* _Exercise instructions_
From the listing below, please restate exactly the lines beginning at the one with "Express courier facilities" and ending at the one with "Dior Base Coat Abricot", both included, and skip the pictures.

* _Supplied data_
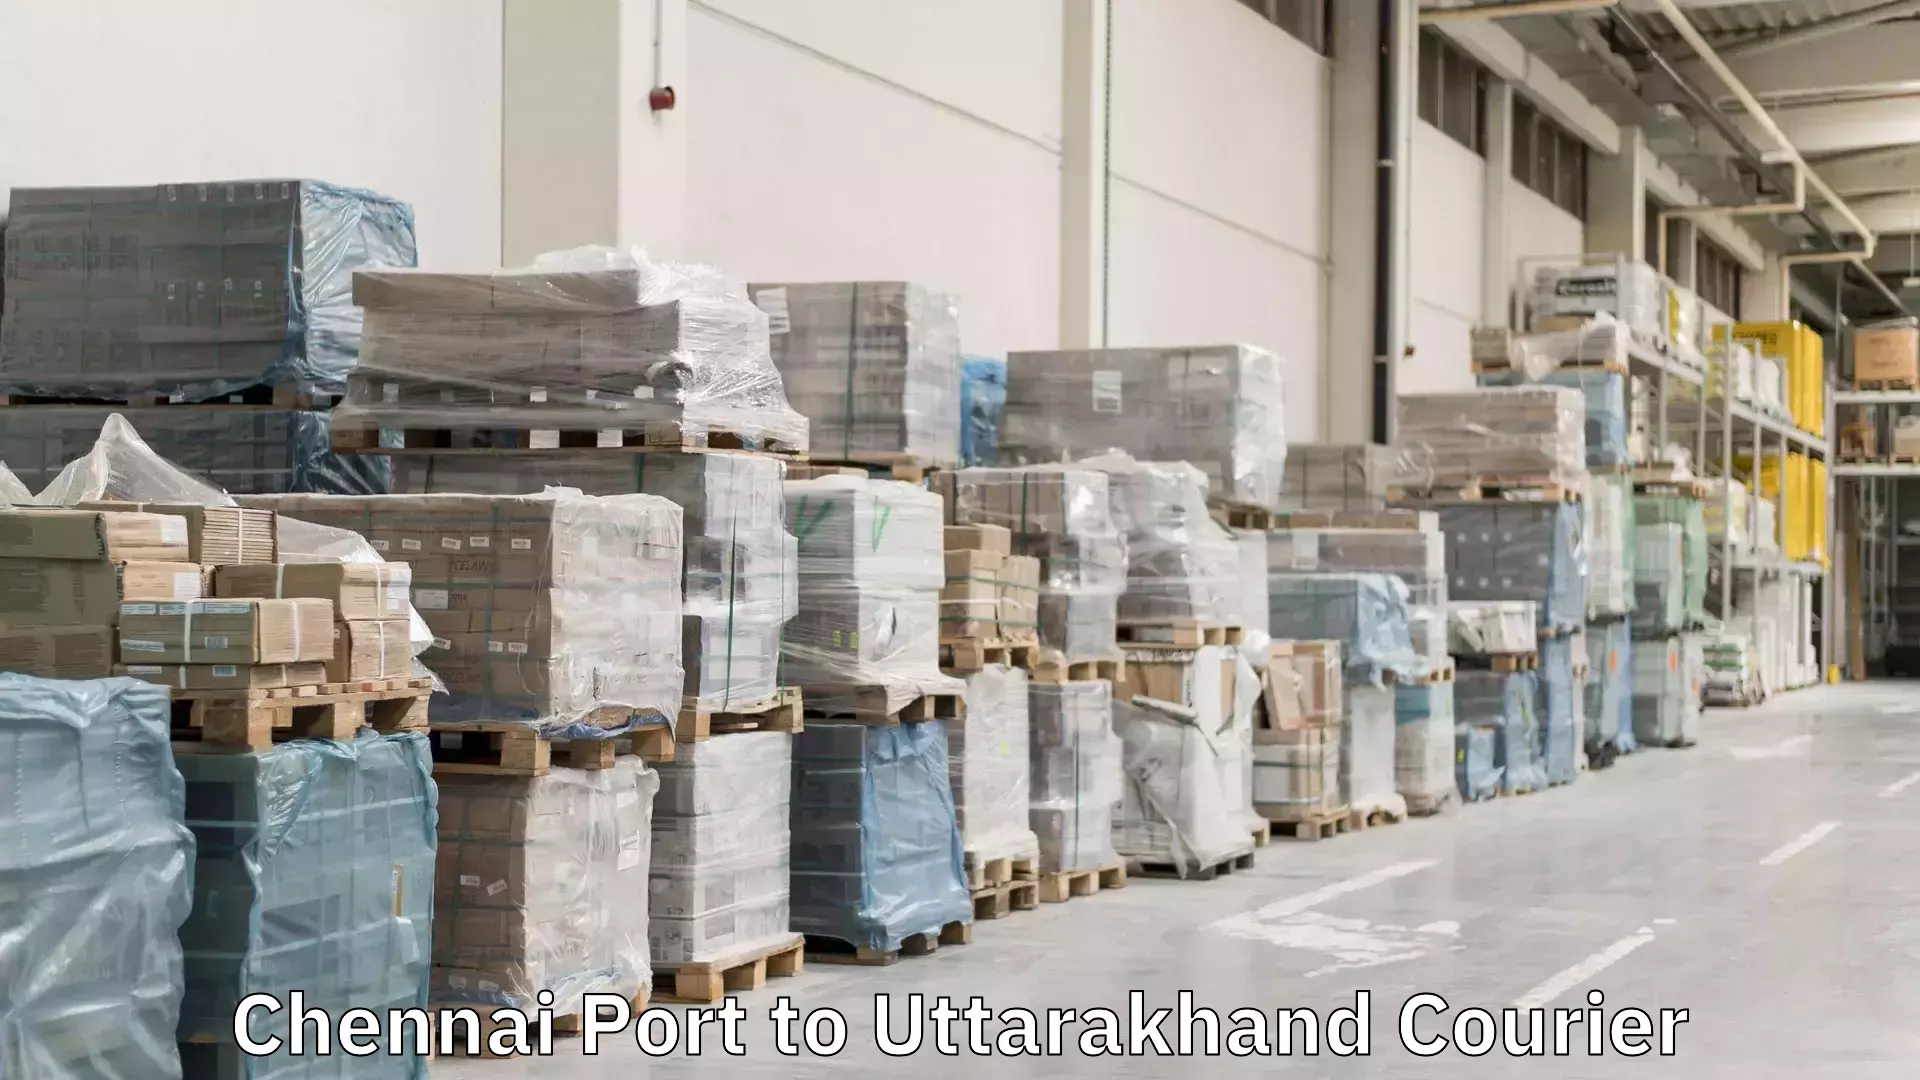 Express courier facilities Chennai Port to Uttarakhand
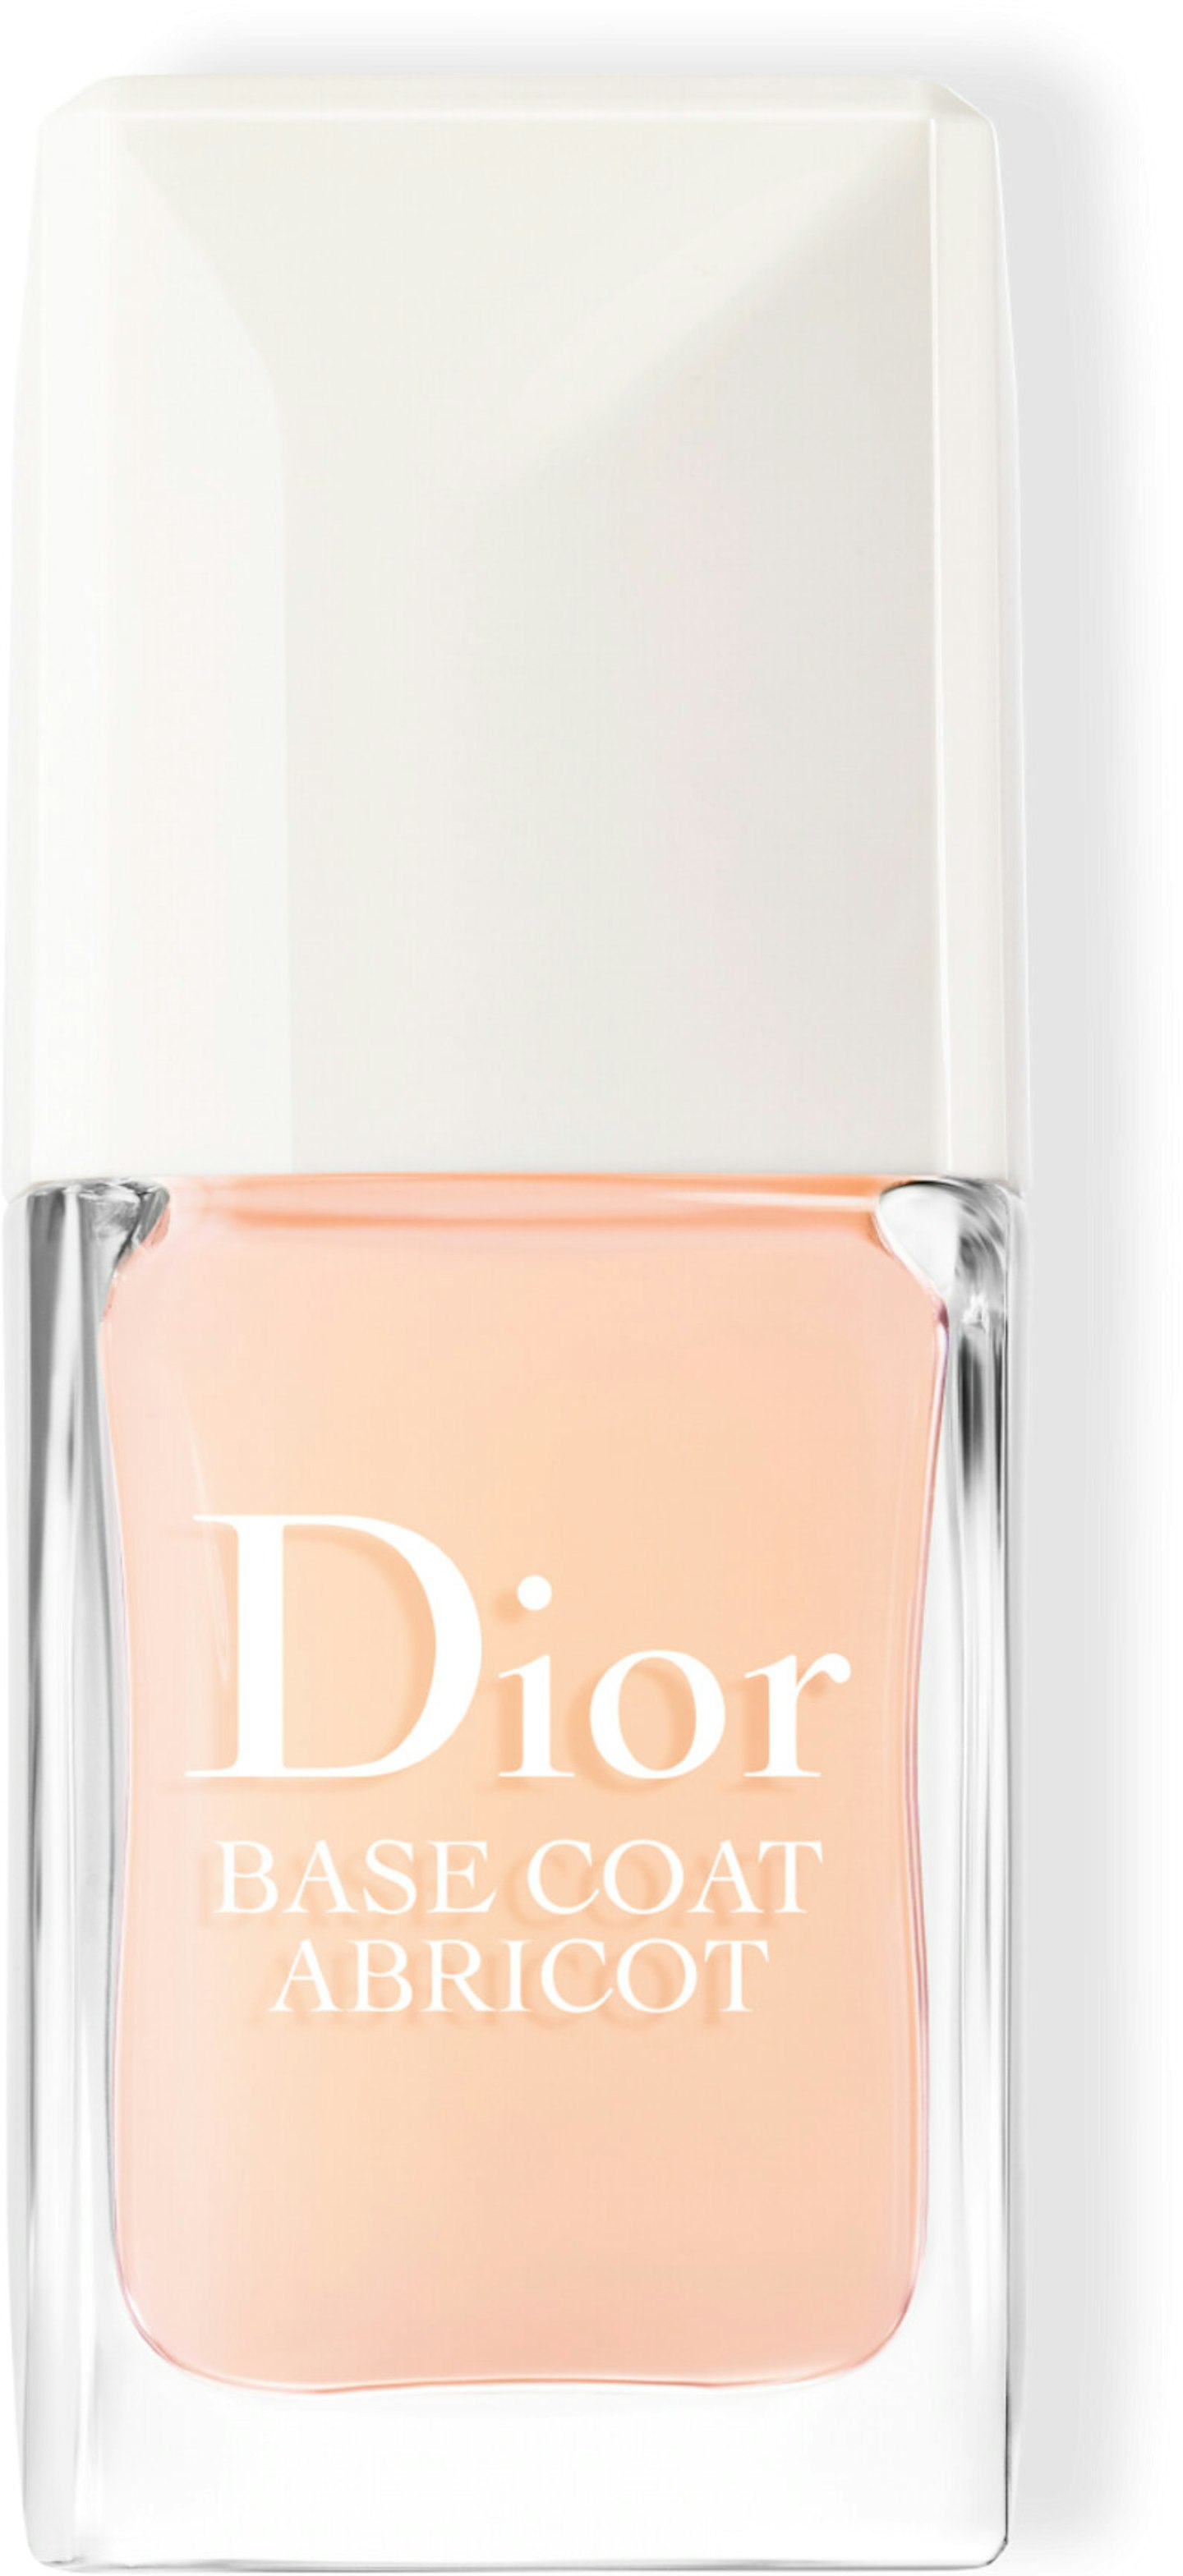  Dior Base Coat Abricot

--

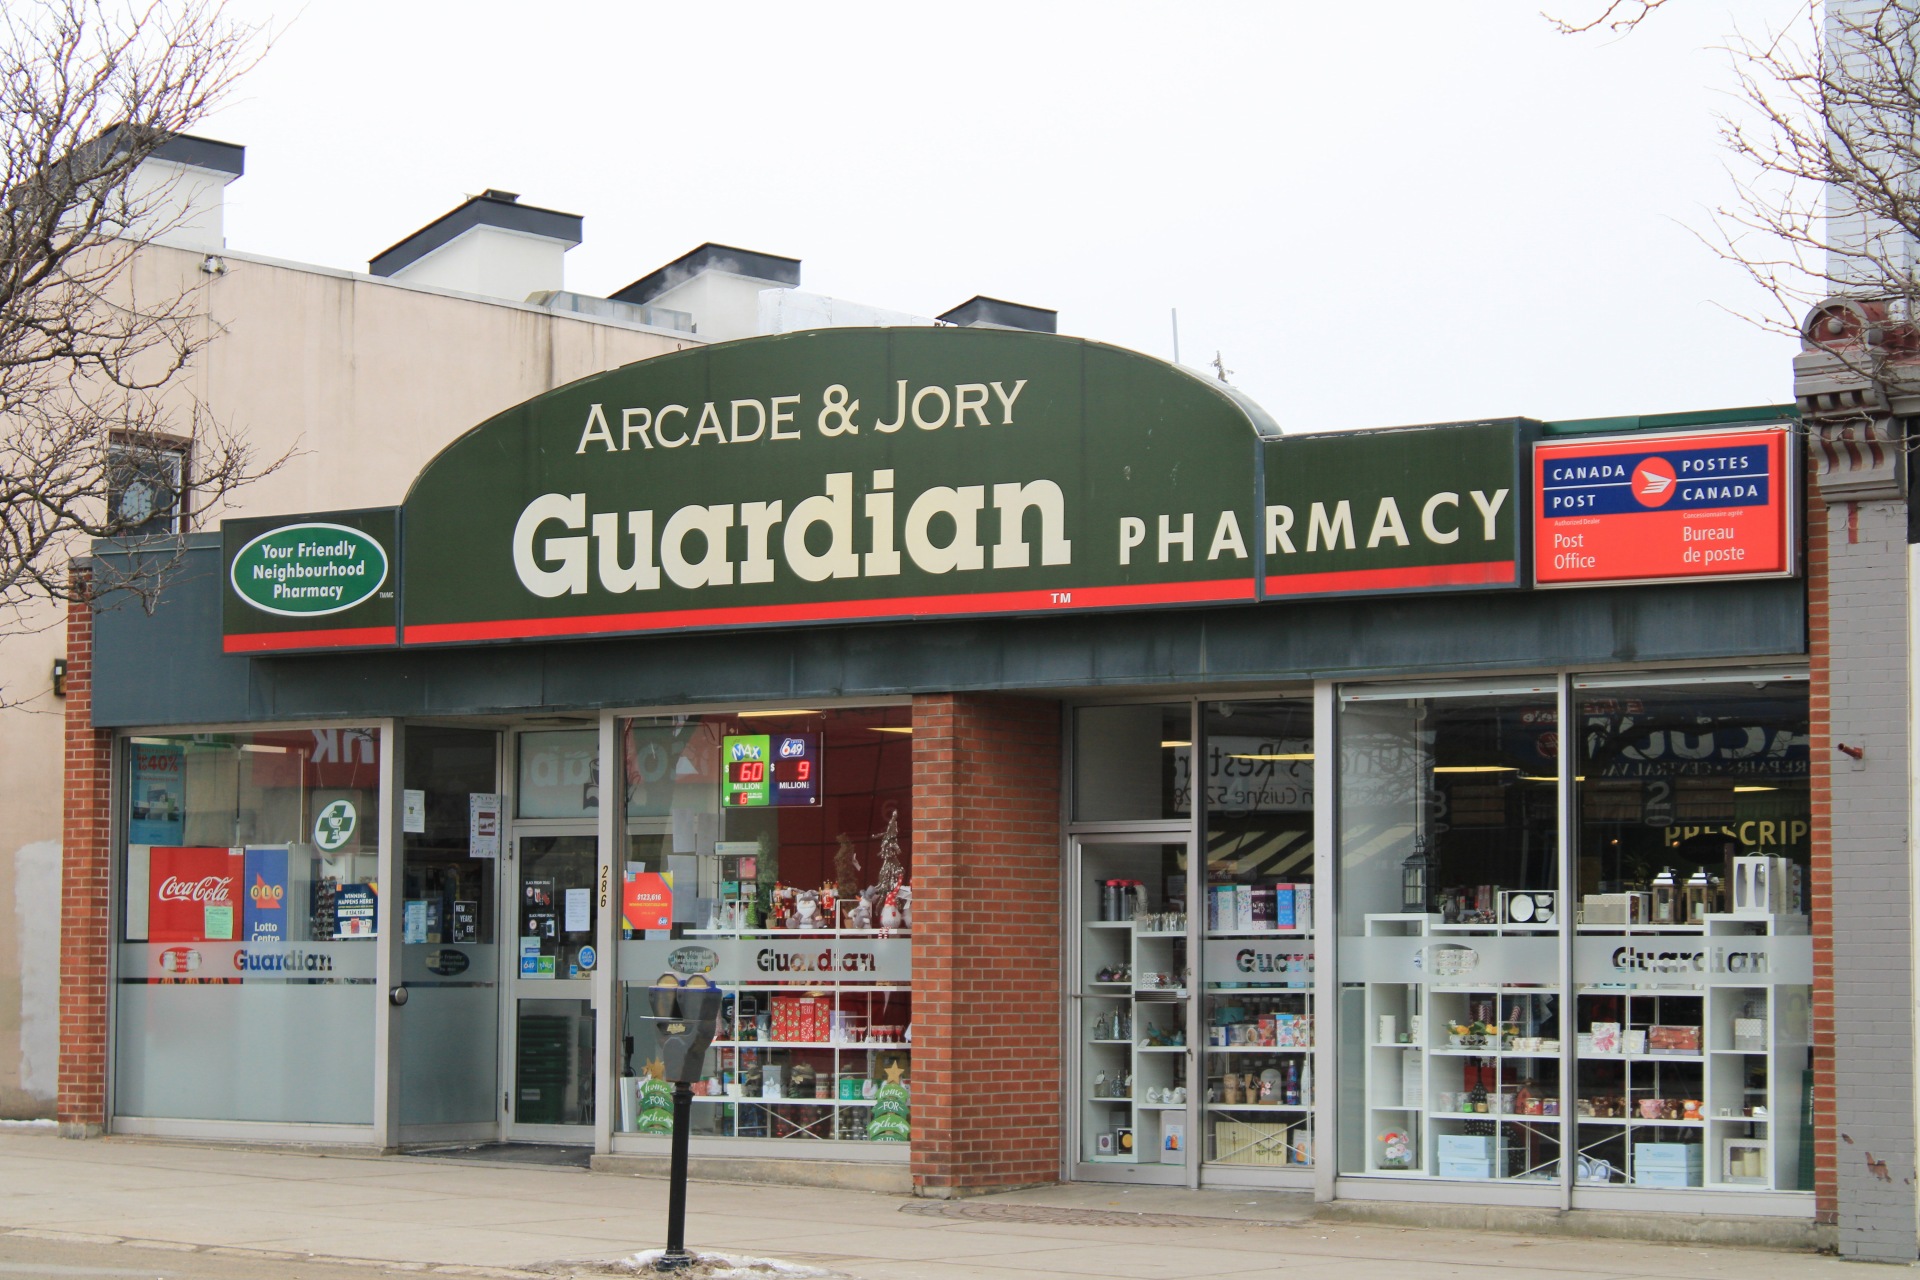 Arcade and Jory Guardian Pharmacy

* _Problem solution_
 Express courier facilities Chennai Port to Uttarakhand
  Dior Base Coat Abricot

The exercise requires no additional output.